## [Task instructions]
Set down precisely the lines from the line with "Casamento-Eman" through the end of the material, inclusive, and no pictures.

[[ Raw data open ]]

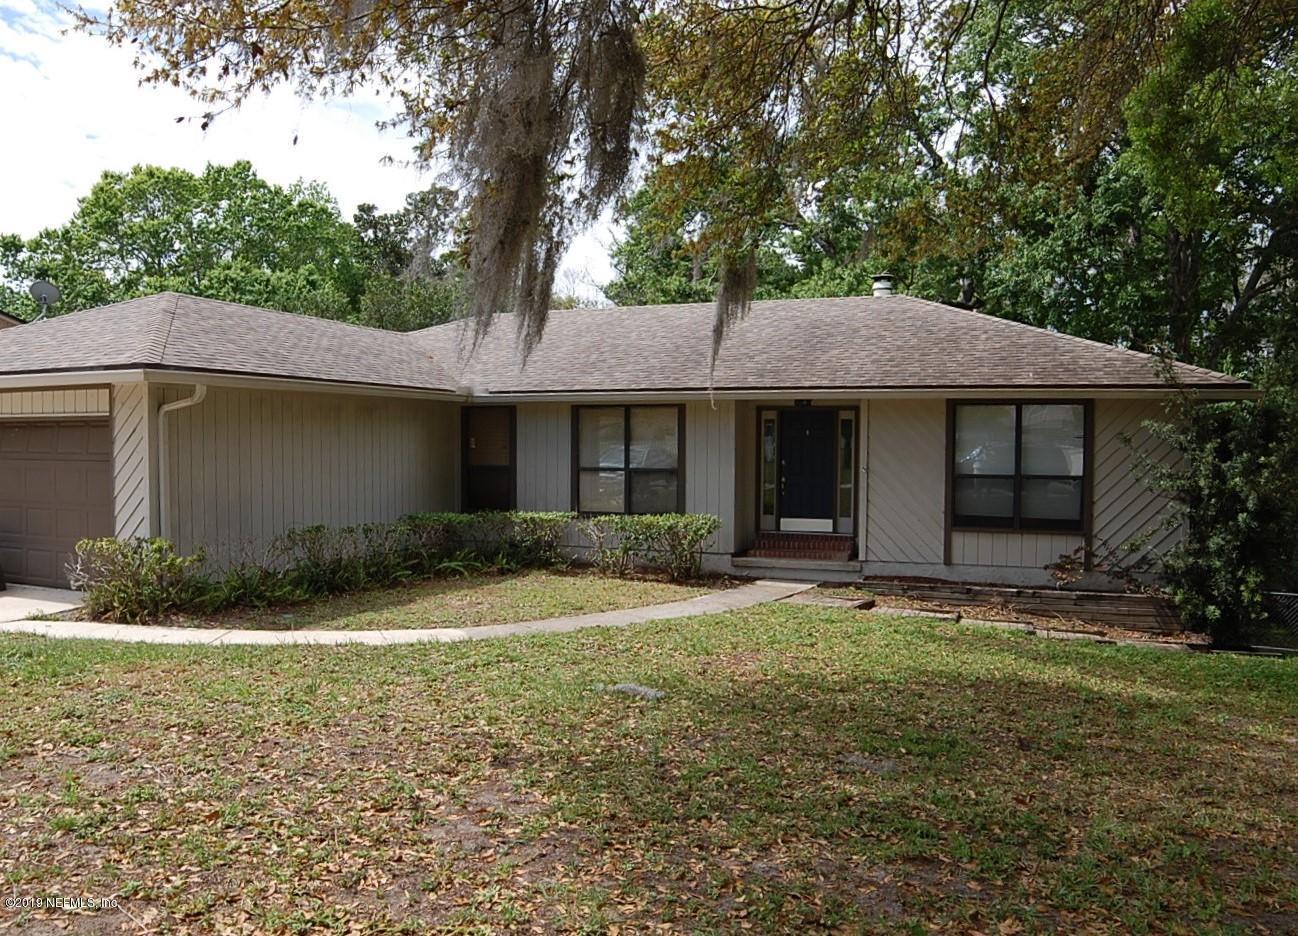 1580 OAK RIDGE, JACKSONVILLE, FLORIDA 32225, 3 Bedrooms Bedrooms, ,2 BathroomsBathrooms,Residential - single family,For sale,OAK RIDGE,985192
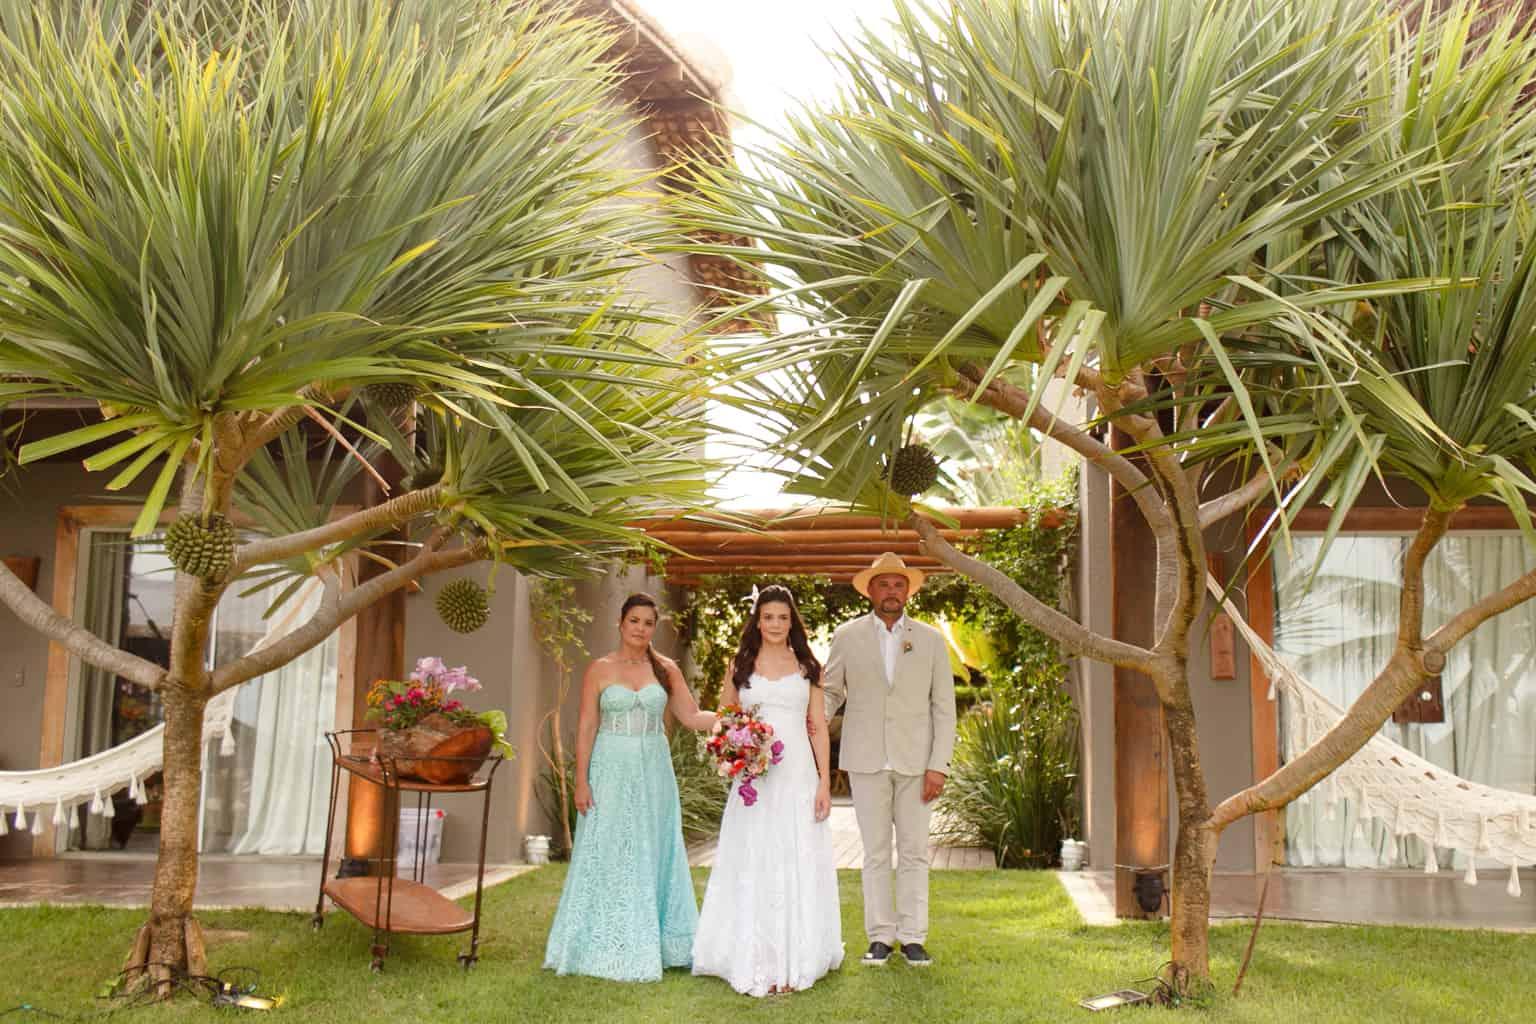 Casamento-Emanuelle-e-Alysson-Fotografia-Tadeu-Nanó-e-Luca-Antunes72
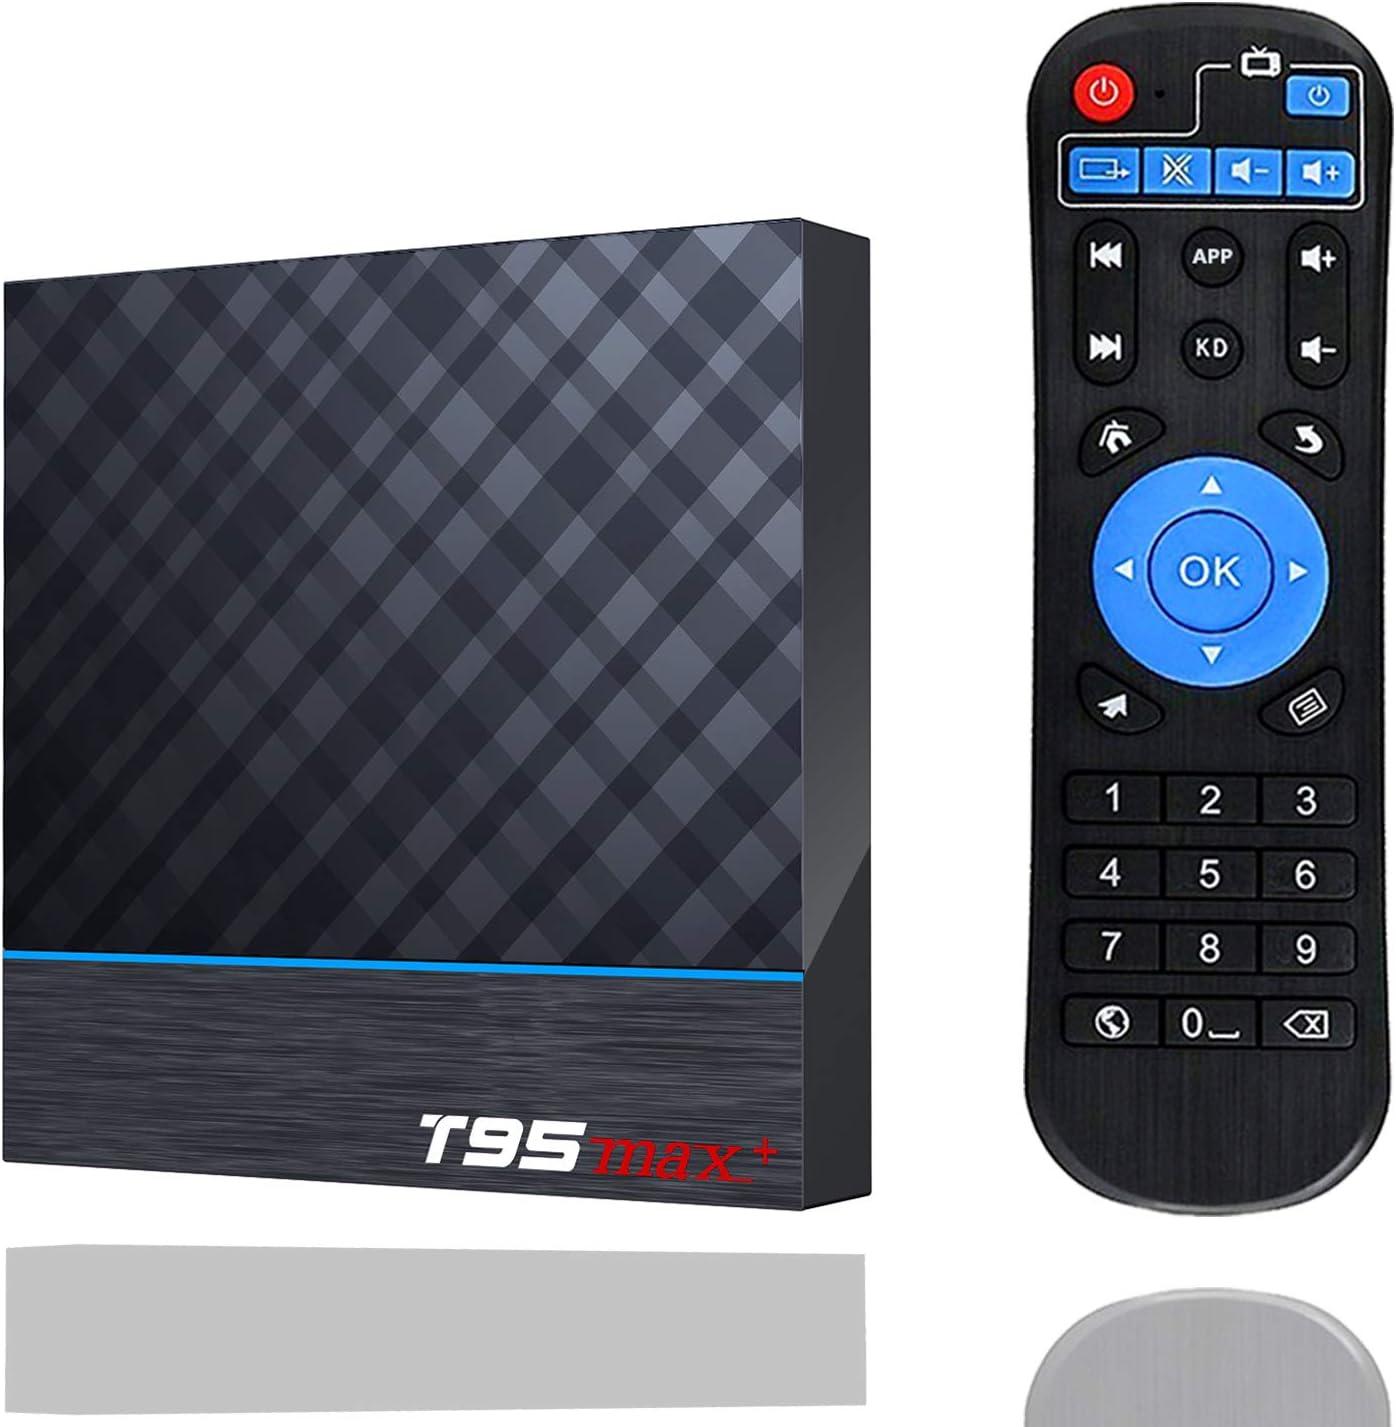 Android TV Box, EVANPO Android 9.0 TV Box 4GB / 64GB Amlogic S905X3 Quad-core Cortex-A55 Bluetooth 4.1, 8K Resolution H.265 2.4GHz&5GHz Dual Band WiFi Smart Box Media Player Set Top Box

[[ Raw data closed ]]

## [Exercise answer]
 Casamento-Emanuelle-e-Alysson-Fotografia-Tadeu-Nanó-e-Luca-Antunes72
 Android TV Box, EVANPO Android 9.0 TV Box 4GB / 64GB Amlogic S905X3 Quad-core Cortex-A55 Bluetooth 4.1, 8K Resolution H.265 2.4GHz&5GHz Dual Band WiFi Smart Box Media Player Set Top Box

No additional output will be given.